The first sign of trouble came on Thanksgiving 2017. Donald Trump was in south Florida, speaking to Coast Guard personnel near one of the president's golf resorts, and generally spoke about how pleased he was with himself.
But part of his unscripted remarks touched on a subject Trump seemed to find fascinating. "With the Air Force, we're ordering a lot of planes, in particular the F-35 fighter jet, which is, you know, almost like an invisible fighter," he said. "I was asking the Air Force guys, I said, 'How good is this plane?' They said, 'Well, sir, you can't see it.' I said, yeah, but in a fight -- you know, a fight, like I watch in the movies -- they fight, they're fighting. How good is this? They say, 'Well, it wins every time because the enemy cannot see it. Even if it's right next to it, it can't see it.' I said, 'That helps. That's a good thing.'"
As we discussed at the time, Trump had previously explained that the F-35 is undetectable by radar, but this appeared to be the first time the president had publicly made the case that an enemy couldn't see the fighter jet, even if they were "right next to it."
Yesterday, Trump was in Warren, Michigan, ostensibly to speak about the revised version of NAFTA, though he briefly spoke about the F-35 and the possibility that the jets may be deployed to a nearby National Guard base.

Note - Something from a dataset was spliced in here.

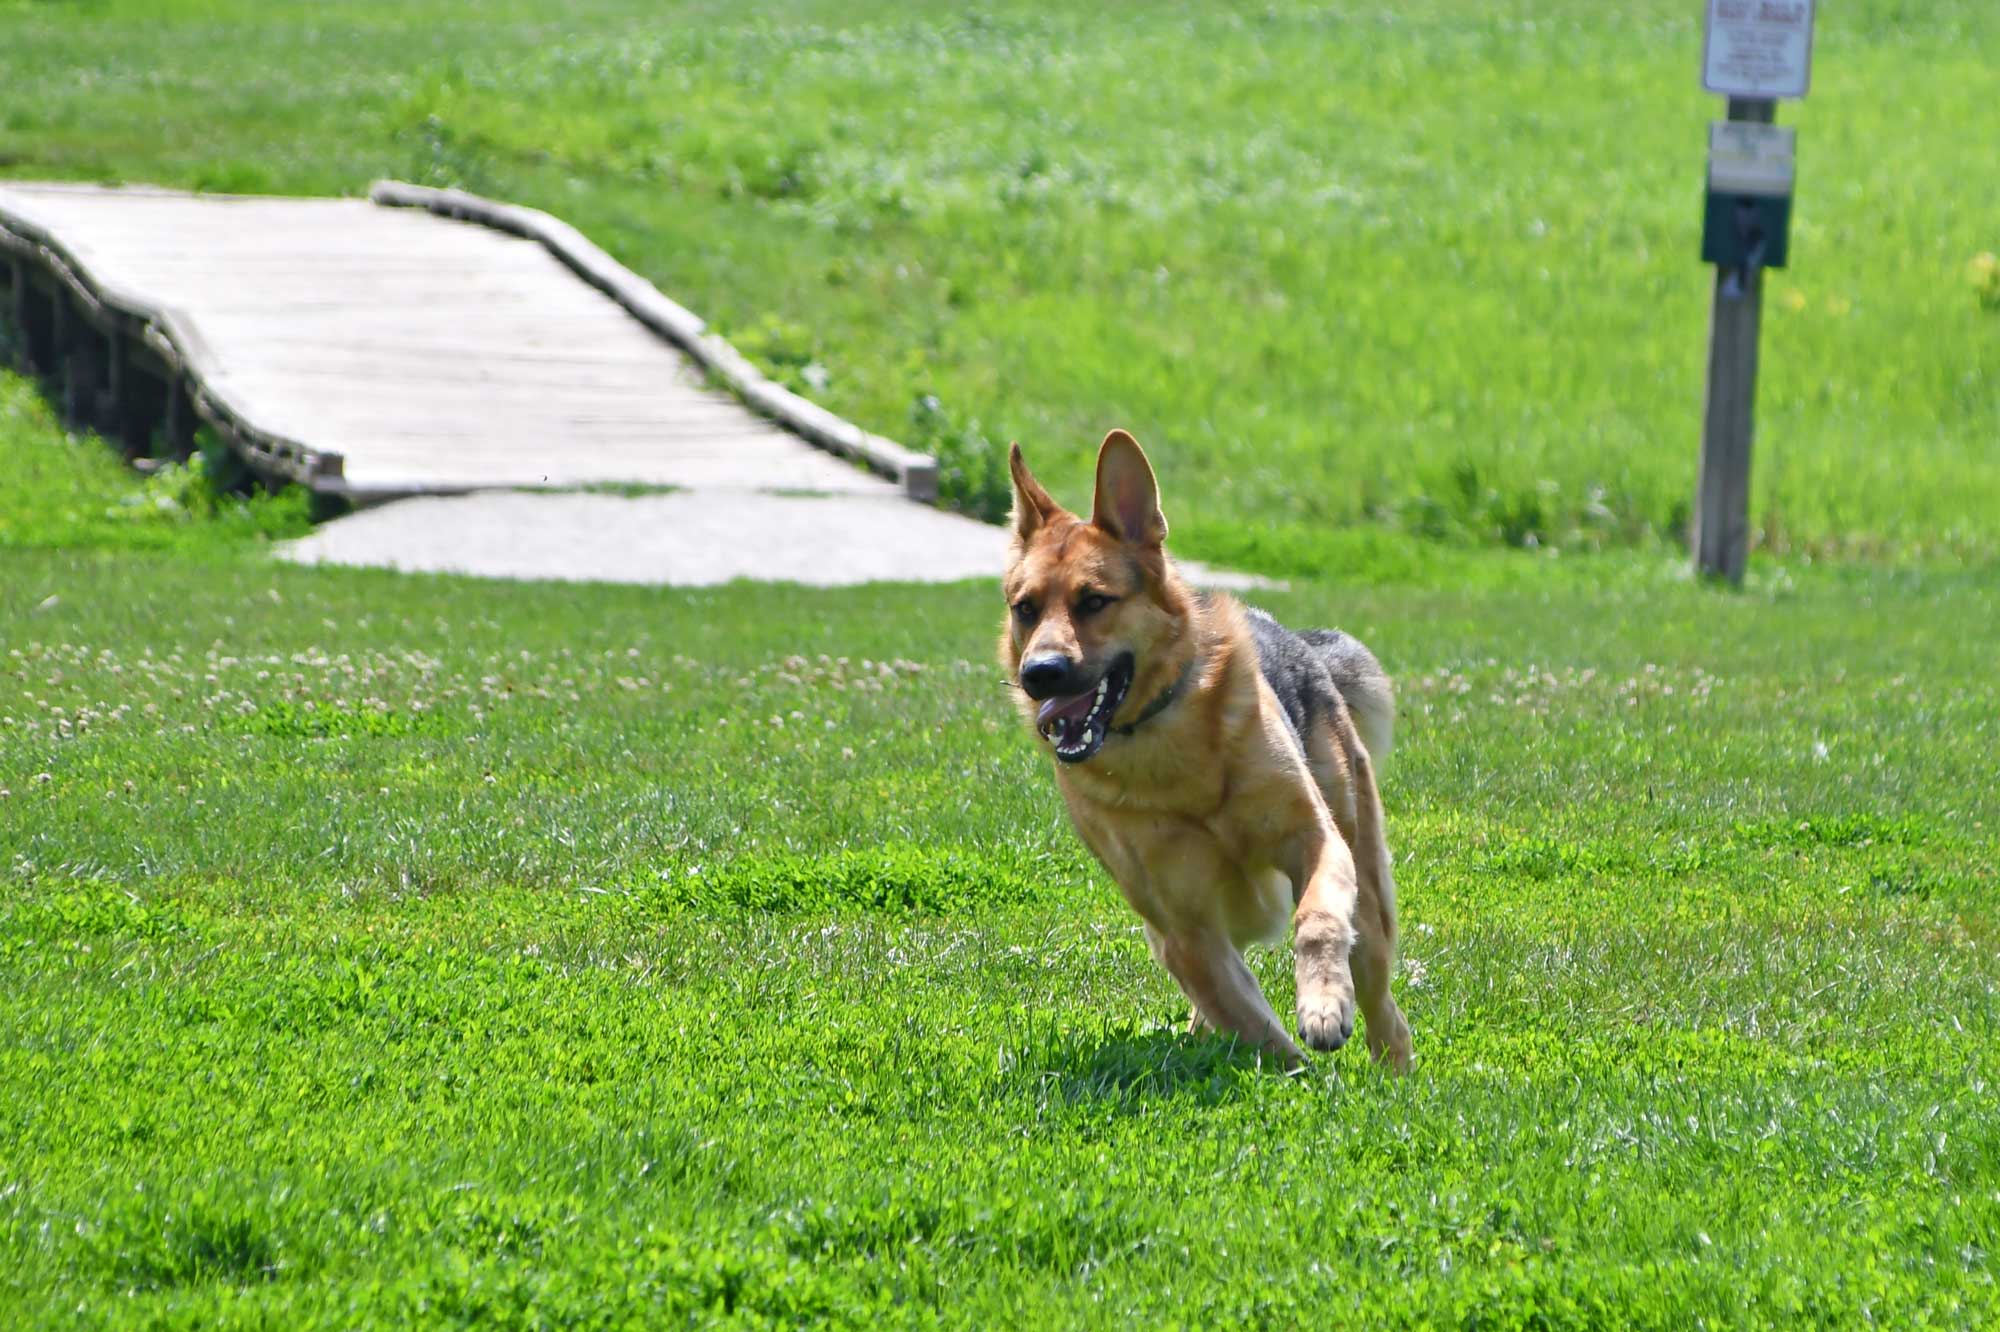 A dog runs through the grass at a dog park.
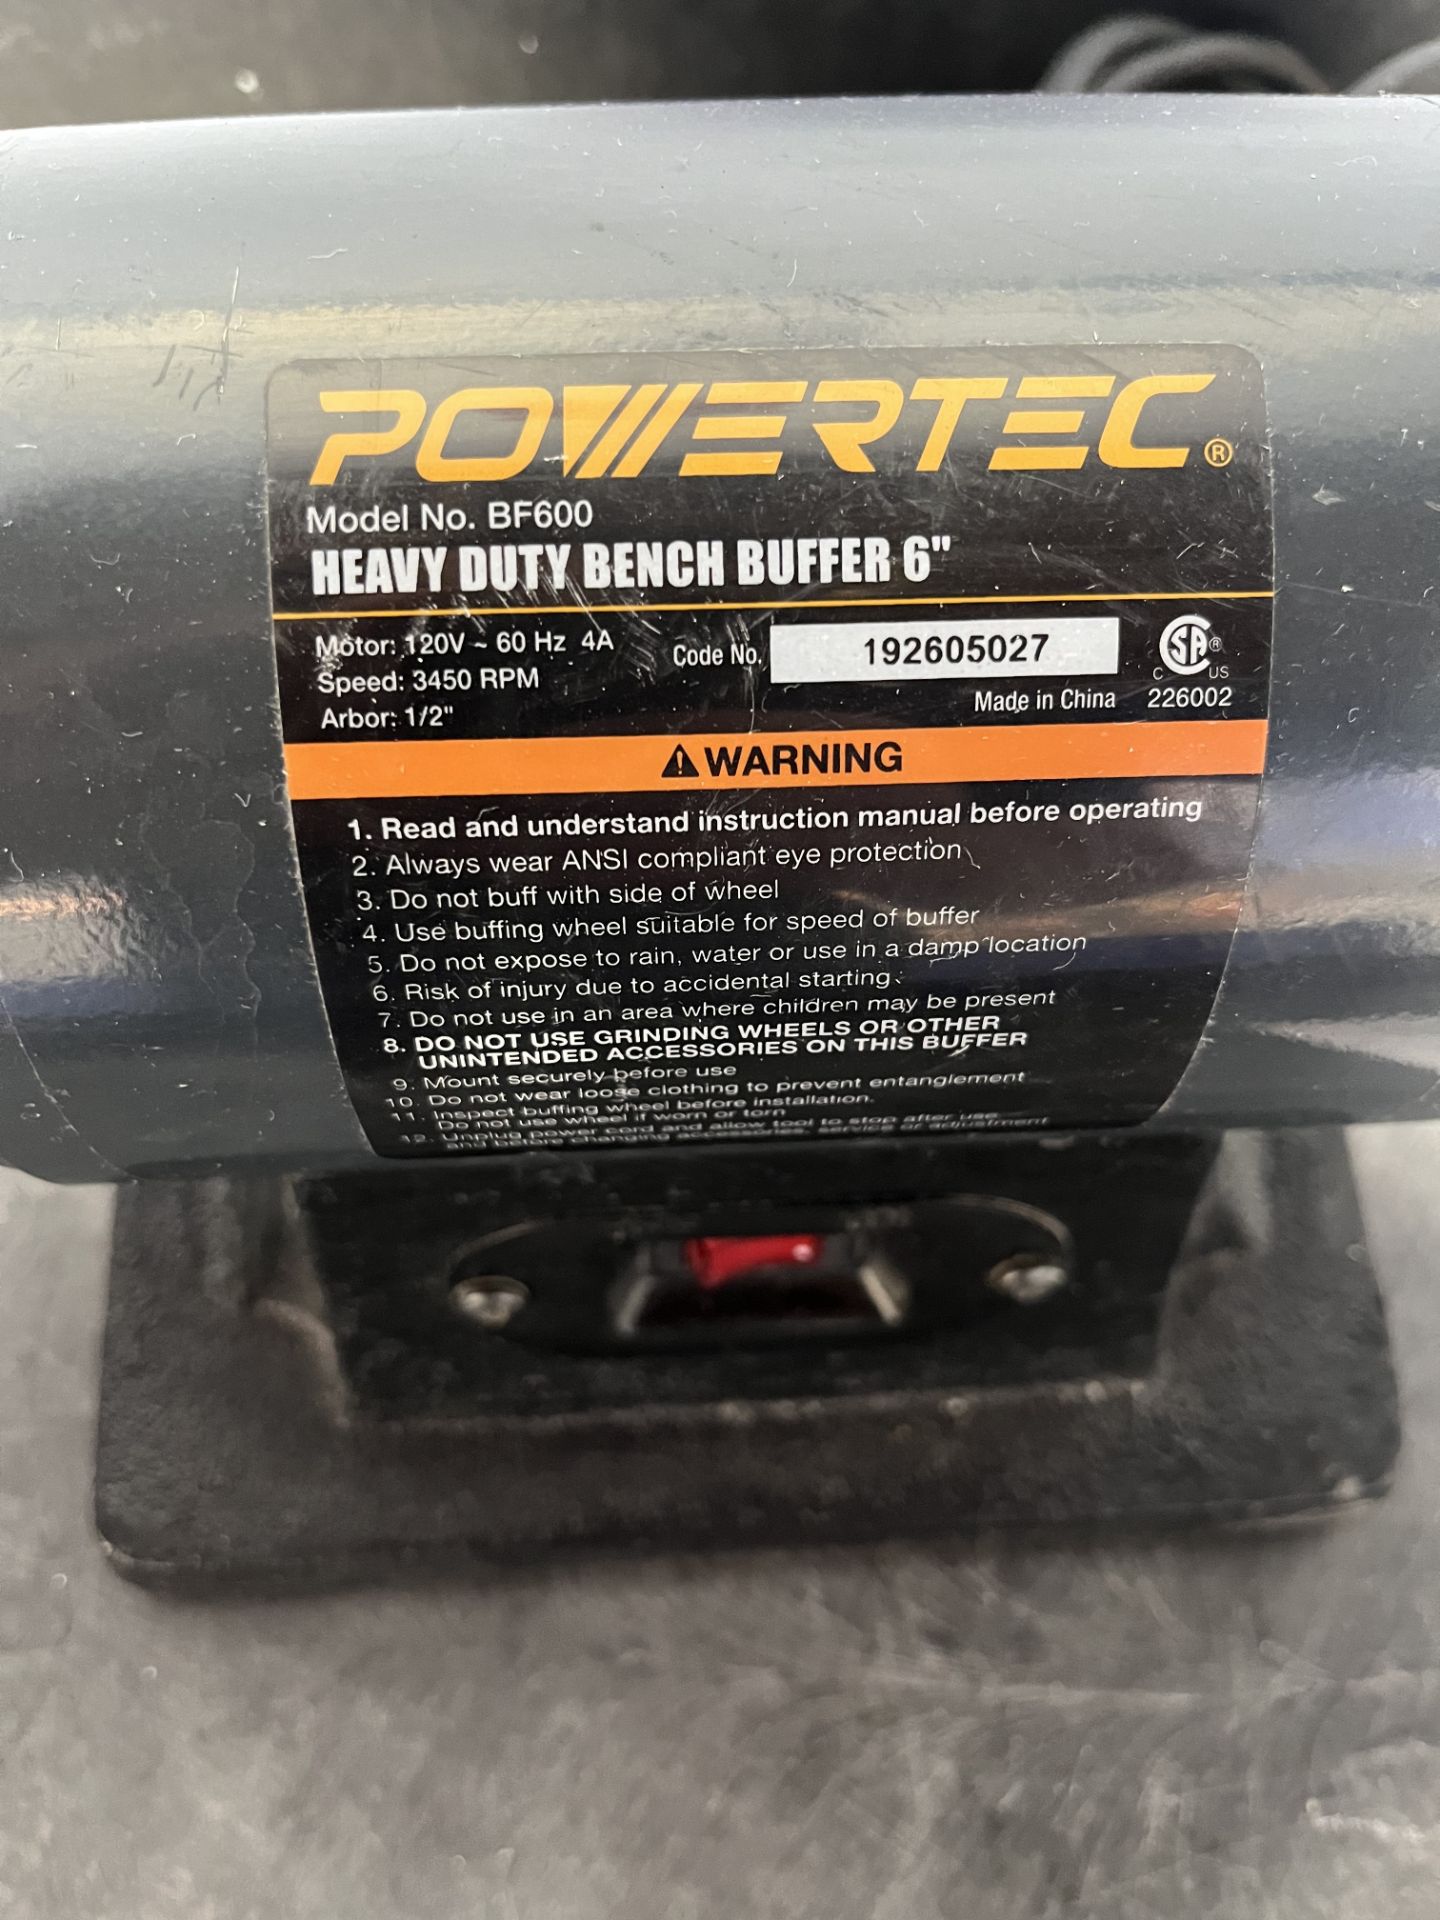 PowerTec BF600, Bench buffer 6", per customer good condition - Image 2 of 3

"We're giving strong consideration to deploying some of our mighty F-35s to Selfridge Air National Guard Base. And you know what that means, right? You know what that means. That's a big deal.
"So, Selfridge, you're going to see a lot of very fast planes. Actually, they're totally stealth, so maybe you won't see them come in. Okay? You won't see them come in, but they're coming in."
I'm reasonably sure Trump thinks F-35s are literally invisible.
To be sure, the president routinely references the fighter jet and frequently tells supporters that the enemy can't see it. But I usually shrug that off, because in context, there was a way to generously interpret his comments in a figurative way.
Once in a while, though, Trump slips and suggests he genuinely believes the plane has sci-fi cloaking technology -- as if Wonder Woman were some kind of documentary.
I can't take credit for this joke, but after I first wrote about this a couple of years ago, a reader told me he wanted to see officials escort the president into an empty airplane hangar, point in a vague direction, and tell him, "The F-35 is right there," just to see what he'd do.
And for those keeping score, this is the latest addition in the Trump-says-odd-things-about-planes franchise, which has proven to be more robust than I ever expected.